JMW: What’s most exciting about this book to you?
Mary Ann: We’re excited that we were able to humanize Chinese people through the stories in our memoir.
I view the book as a China spin on the song, “Russians,” recorded by the rock group Sting in 1985 during the Cold War. The song talks about “a growing feeling of hysteria” in response to “threats” by the Soviets. It suggests that what might save “you and me” from a war is to consider “if the Russians love their children too.” It seems that the tensions between the United States and China are now similar to those between the U.S. and the Soviet Union in the 1980s. It feels important that our book communicates the theme that Chinese people experience longings, disappointments, and successes–and that they have partners and children and parents they care about just like Americans.
JMW: Do you see it as a new departure for you, a continuation of earlier work/themes, or some combination?
Fran: Since I have focused mostly on poetry, including about some of my experiences in Asia, especially Vietnam, the memoir is a departure for me in my writing life. Working with journals, letters, and interviews, and cowriting this book have all been new. And fulfilling!

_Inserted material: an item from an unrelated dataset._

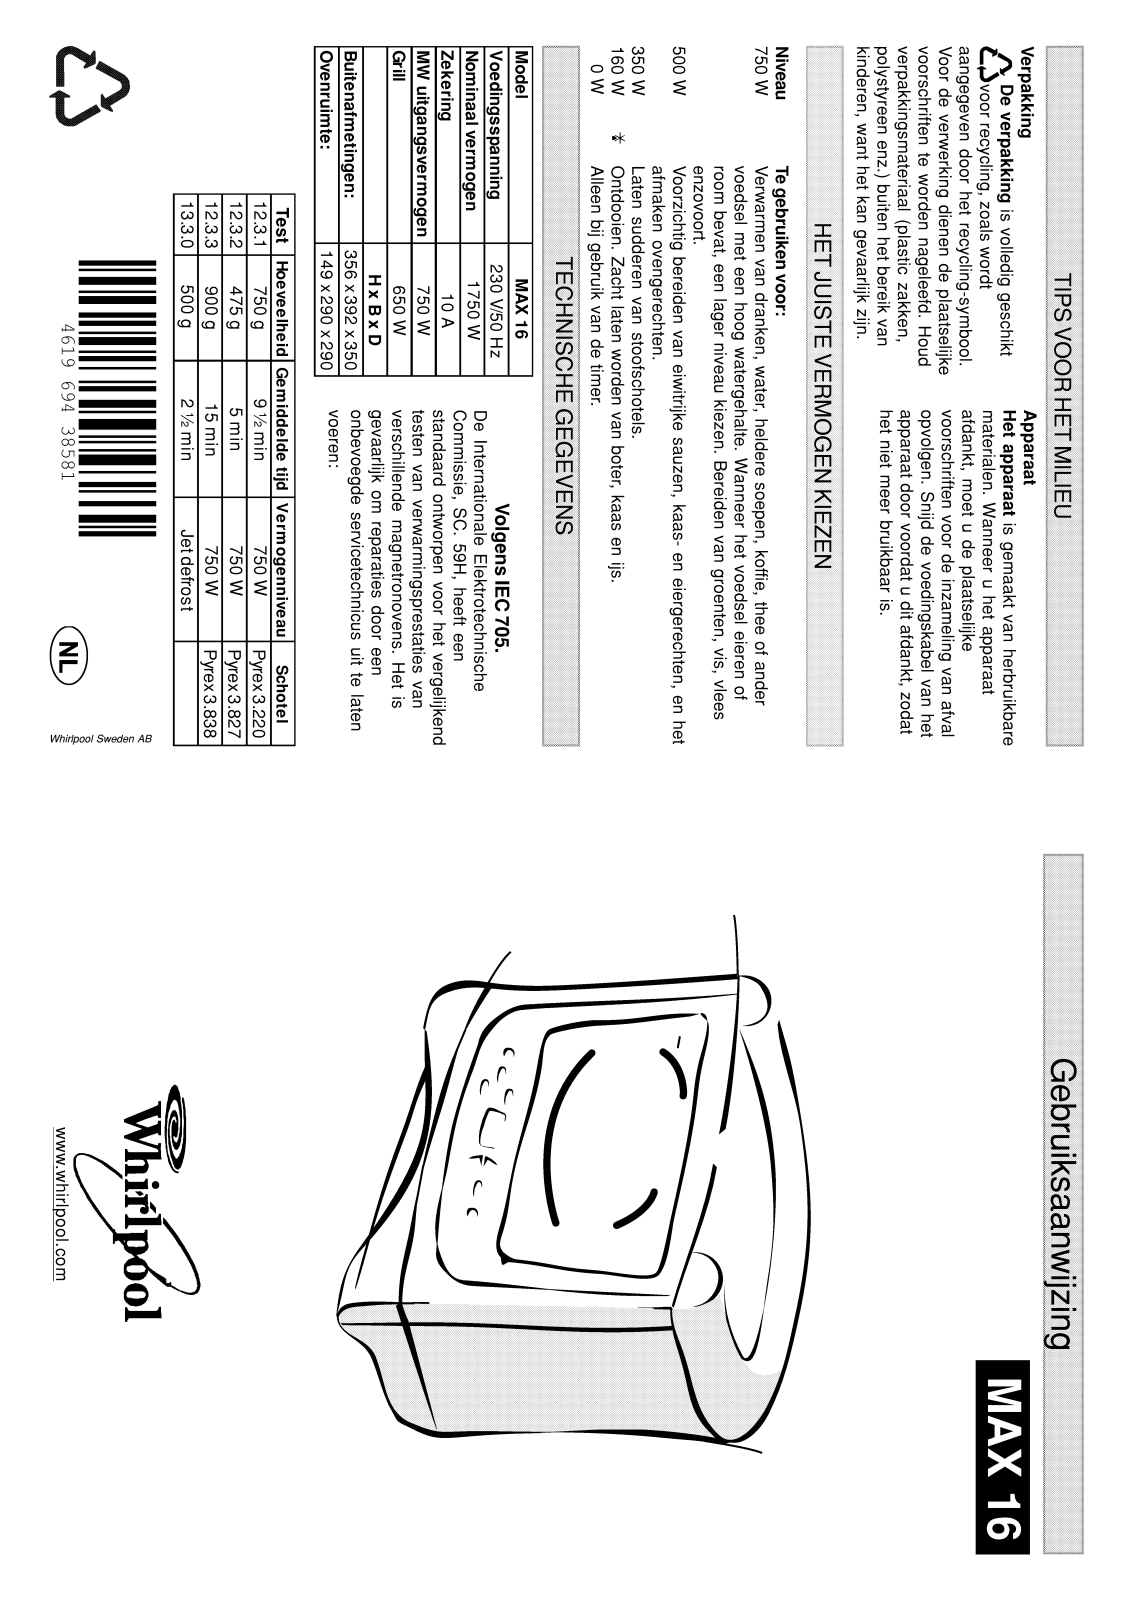 Whirlpool MAX 16/WH/2, MAX 16/WH, MAX 16/2/BL, MAX 16/BL INSTRUCTION FOR USE
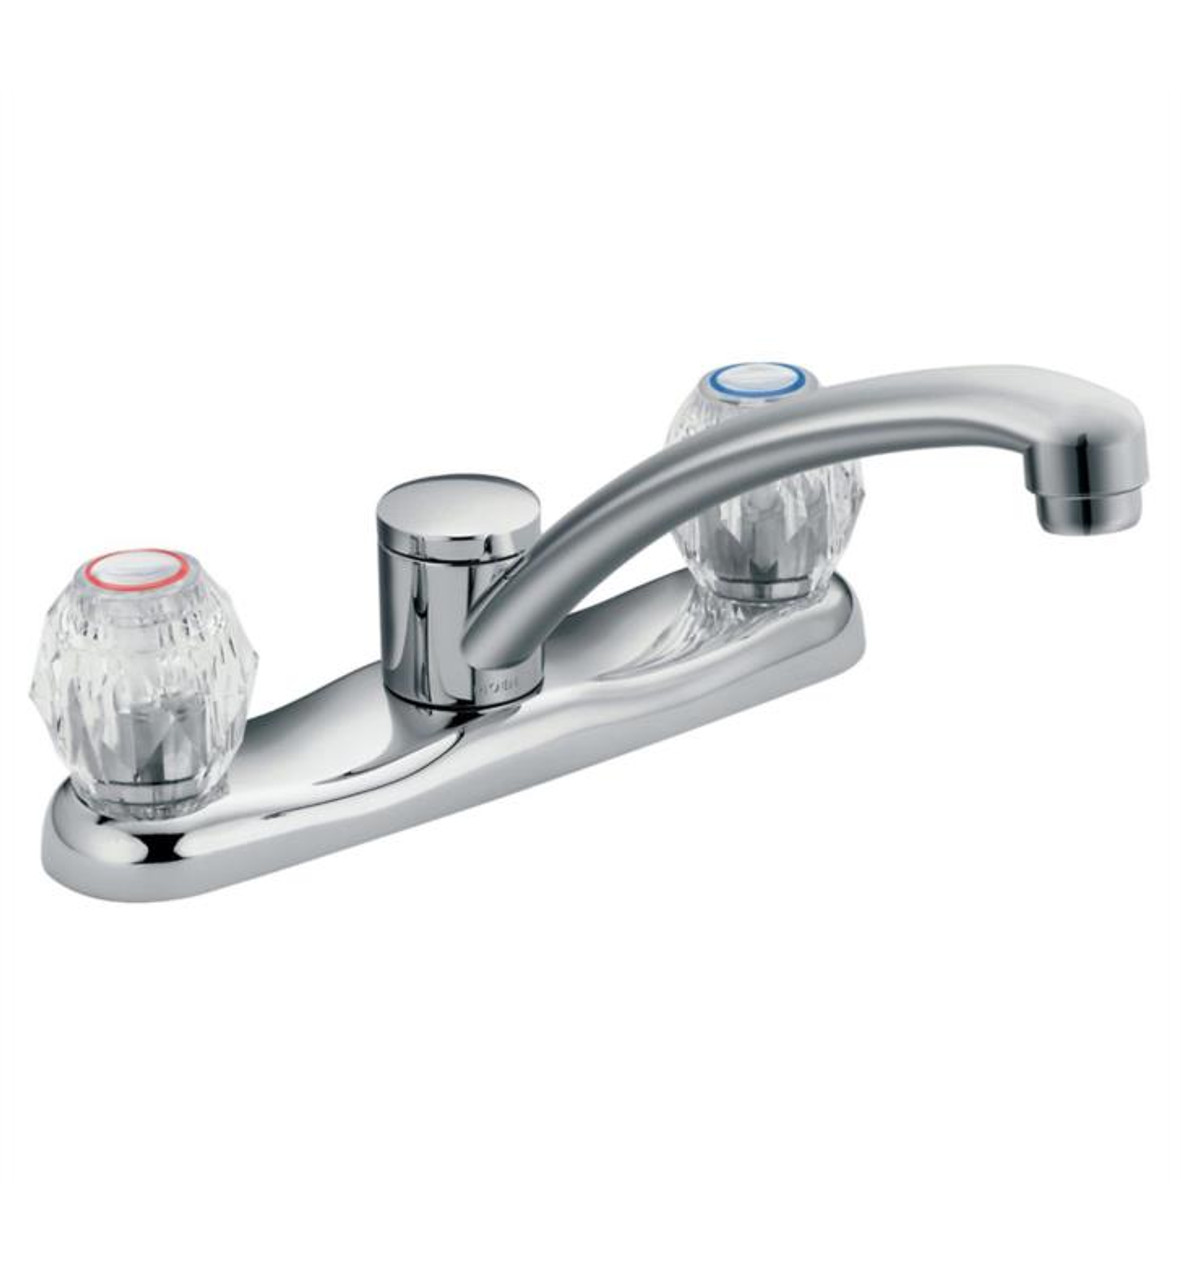 Moen Chateau 6 1/2" Double Handle Deck Mounted Kitchen Faucet in Chrome 7900

Mary Ann: The book is an expansion of my work in writing and publishing personal essays. I also applied much of what I learned as a longtime journalist to provide a social and political context for our stories about China.
JMW: Do you see your work as “Mennonite,” and how or how not? (We know this is a ridiculously broad and fraught question, so feel free to respond in whatever way seems right to you.)
Fran and Mary Ann: We identified as Mennonites when we were teachers in China though we didn’t communicate or explain that identity to Chinese people back then. We spent a lot of time explaining who we were as Americans.
In the memoir, we write about how being Mennonite shaped why we were in China in the first place; we were graduates of Goshen College and the former president of our alma mater, J. Lawrence Burkholder, had connections in China. Being Mennonite meant that we shared certain values, such as being nonmaterialistic, with Chinese people in the 1980s.
One aspect of the memoir is that it is “Mennonite,” but that’s not the only aspect. We admit that we were surprised to see the book placed in the category of “Mennonite Christianity” by Amazon.com, lumped in with Amish romance novels that have predictable plot lines. That categorization feels wrong.
JMW: What themes, issues, techniques, and/or other authors were most in your mind as this project came into being?
Fran and Mary Ann: We had a theme in mind for the book from the beginning that it would be about friendship. What developed was not only a story about friendships formed between Chinese people and us, despite a lot of obstacles, but also about how the friendship that we shared helped us to better engage in a culture that was new to us.
We couldn’t help viewing the book River Town: Two Years on the Yangtze, by former Peace Corps volunteer Peter Hessler, as a reference point. Like Hessler, we taught English in a city located on the Yangtze River in China’s Sichuan Province. We love Hessler’ focus on ordinary Chinese people. At the same time, the stories that we tell are different because we have a different orientation. We were English teachers in China a decade before he was, we lived in a closed Chinese city, we are women, and we are people who have consistently been rooted in communities of faith.
JMW: What part(s) of your writing process might other writers find useful, either to imitate or to avoid?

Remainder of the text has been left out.